Pakistan expels reporter for The New York Times
New York, January 11, 2008—The Committee to Protect Journalists is disturbed by Pakistan’s deportation today of Nicholas Schmidle, a journalist whose report “Next-Gen Taliban” appeared in The New York Times Magazine on January 6. The article contained interviews with anti-government Taliban leaders and was written from the tumultuous Baluchistan province, and its capital, Quetta. CPJ was unable to immediately reach officials from the Pakistani Embassy in Washington and the U.N. mission in New York for comment.
According to Scott Malcomson, his editor at the magazine, Schmidle was given no explanation for his deportation by officials from the Ministry of the Interior. Malcomson told CPJ, however, that the deportation “clearly was connected to his writing rather than anything else he was doing.”

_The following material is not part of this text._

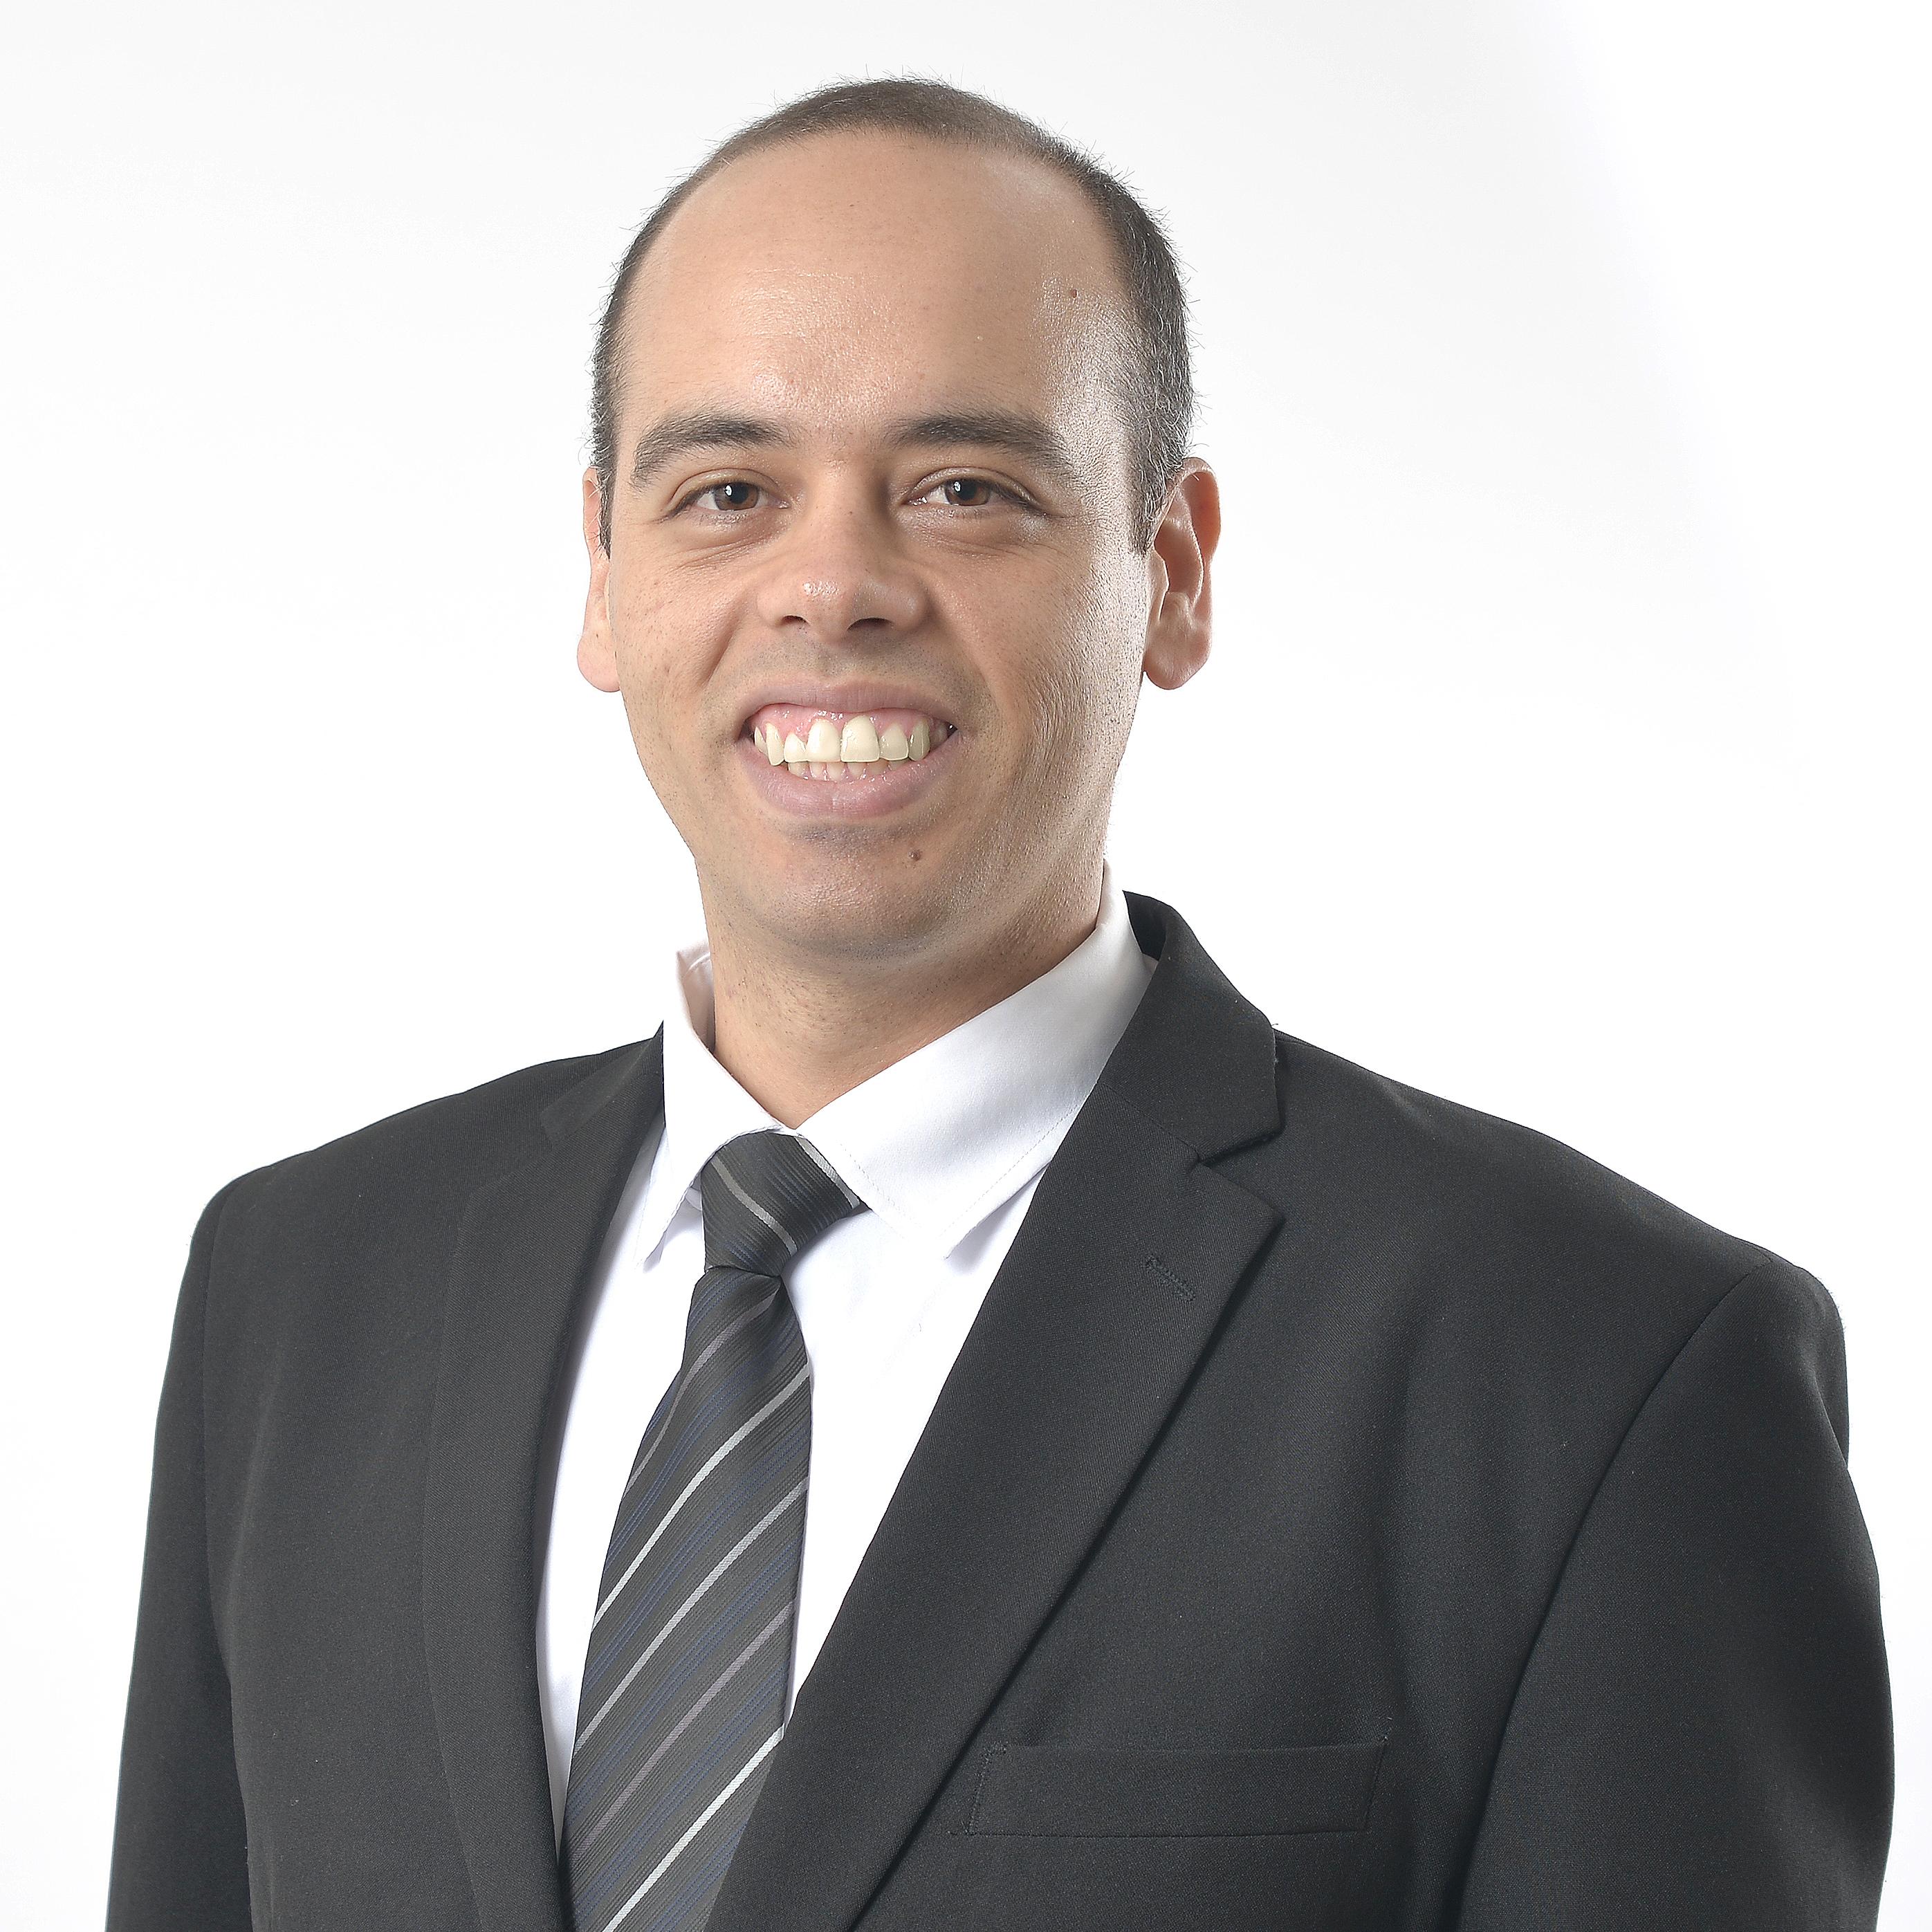 Francisco Kujbida

“CPJ is unfortunately accustomed to reporting on the government’s attacks on the local media, but now harassment seems to be spreading to foreign journalists as well,” said Joel Simon, CPJ’s executive director. “At a time of growing crisis in Pakistan, perhaps the worst tactic for promoting calm is for the government to silence the press.”
Security services members visited Schmidle on Monday, and the local police gave him a deportation order on Tuesday, according to Malcomson. While the deportation order was dated December 29, 2007, editors at the magazine say they believe it was back-dated, and that officials issued it after the magazine’s article ran. The reporter, who is also a fellow at the Washington-based Institute of Current World Affairs, regularly freelances for The New Republic and Slate. He had been in the country 23 months, Malcomson said.

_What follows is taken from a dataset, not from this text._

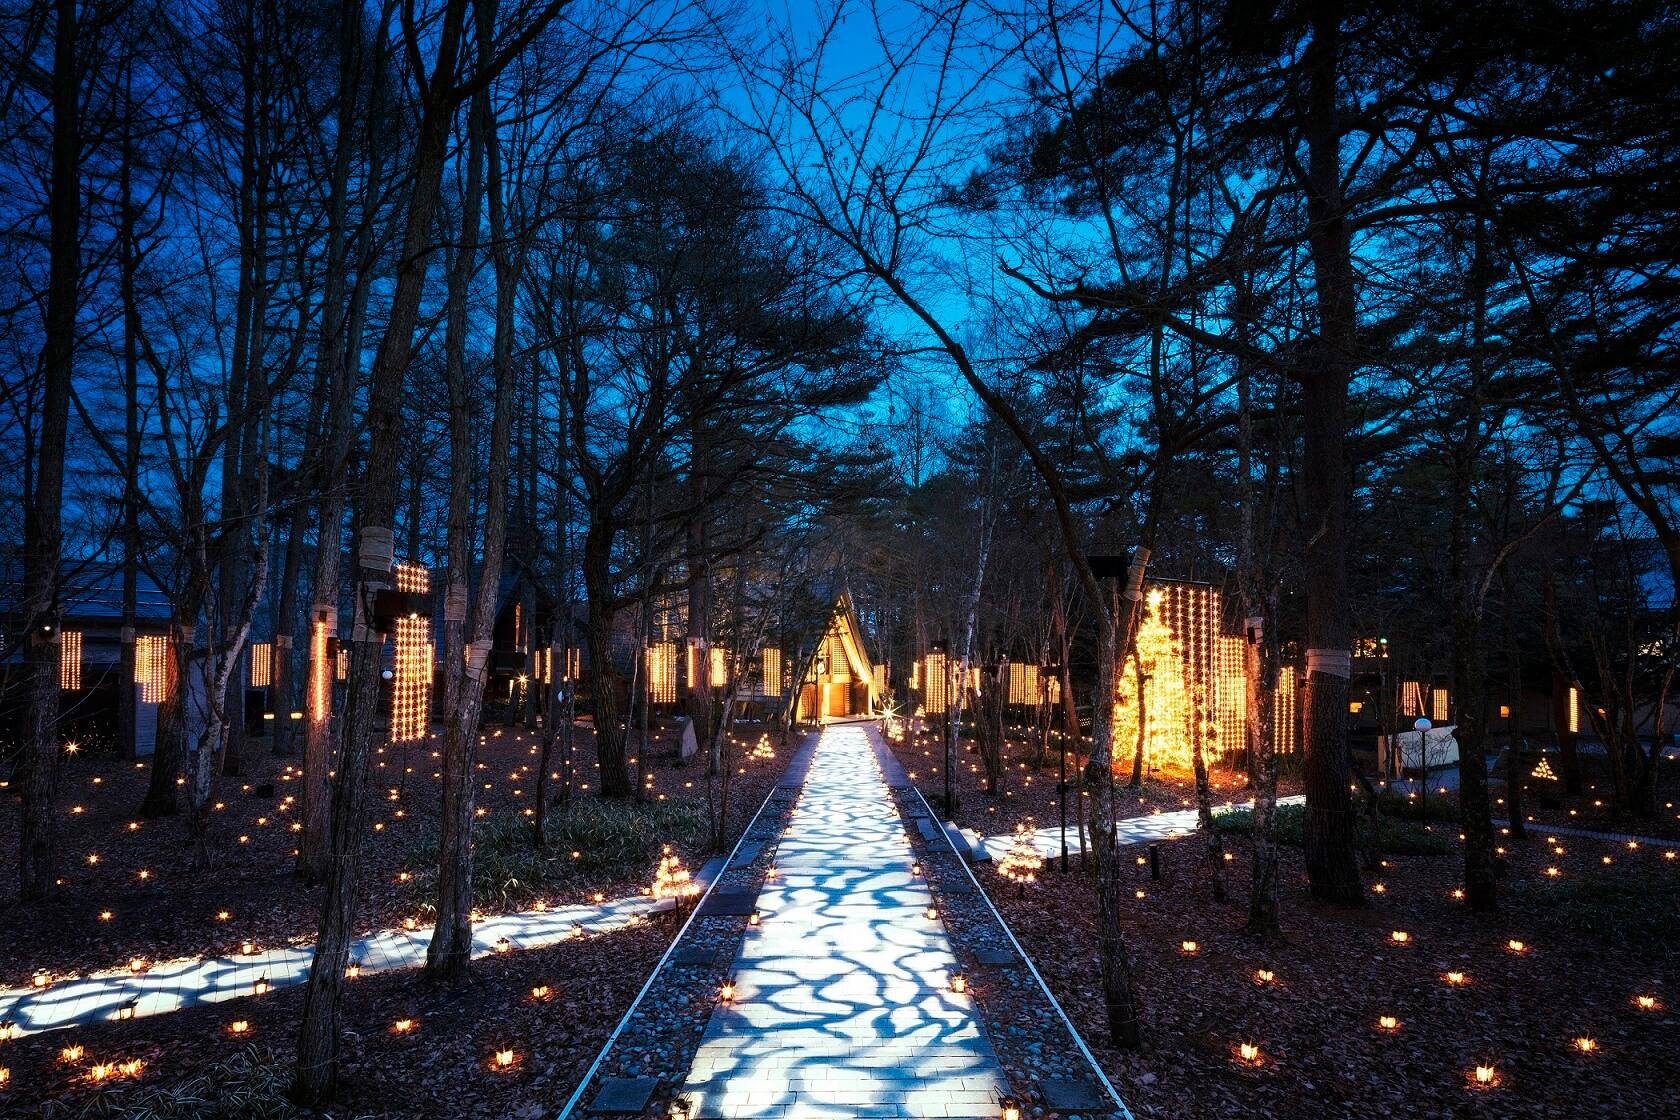 輕井澤高原教會舉辦「聖誕蠟燭之夜 2018」 在軽井沢、聖誕節、

Schmidle told CPJ from London on Friday that he was “extremely disappointed at being asked to leave Pakistan,” and that his visa had contained “no restrictions whatsoever.”
“I have yet to hear the Pakistani side in this, but if this is a sign that journalists will be subject to reprisals for reporting honestly on conditions in Pakistan, that is a cause for serious concern,” Gerald Marzorati, editor of The New York Times Magazine, told CPJ.
In addition to visiting journalists reporting more difficulty in obtaining visas to enter Pakistan and traveling to conflict regions, there have been two serious incidents of government harassment of foreign journalists in the past 13 months:
On December 19, 2006, New York Times reporter Carlotta Gall was physically assaulted and her belongings, including computers, notebooks, and mobile phones, were seized by four men who said they were from the Special Branch in Quetta. Her photographer, Akhtar Soomro, was detained at the same time.
On November 11, 2007, two Daily Telegraph reporters, Isambard Wilkinson, Colin Freeman, and a reporter for the Sunday Telegraph, Damien McElroy, were ordered to leave the country within 72 hours, after an editorial critical of President Pervez Musharraf appeared in the British paper.
Musharraf declared a state of emergency on November 3, severely curtailing media freedoms in the country. Despite the lifting of the state of emergency on December 15, many of these freedoms have not yet been restored.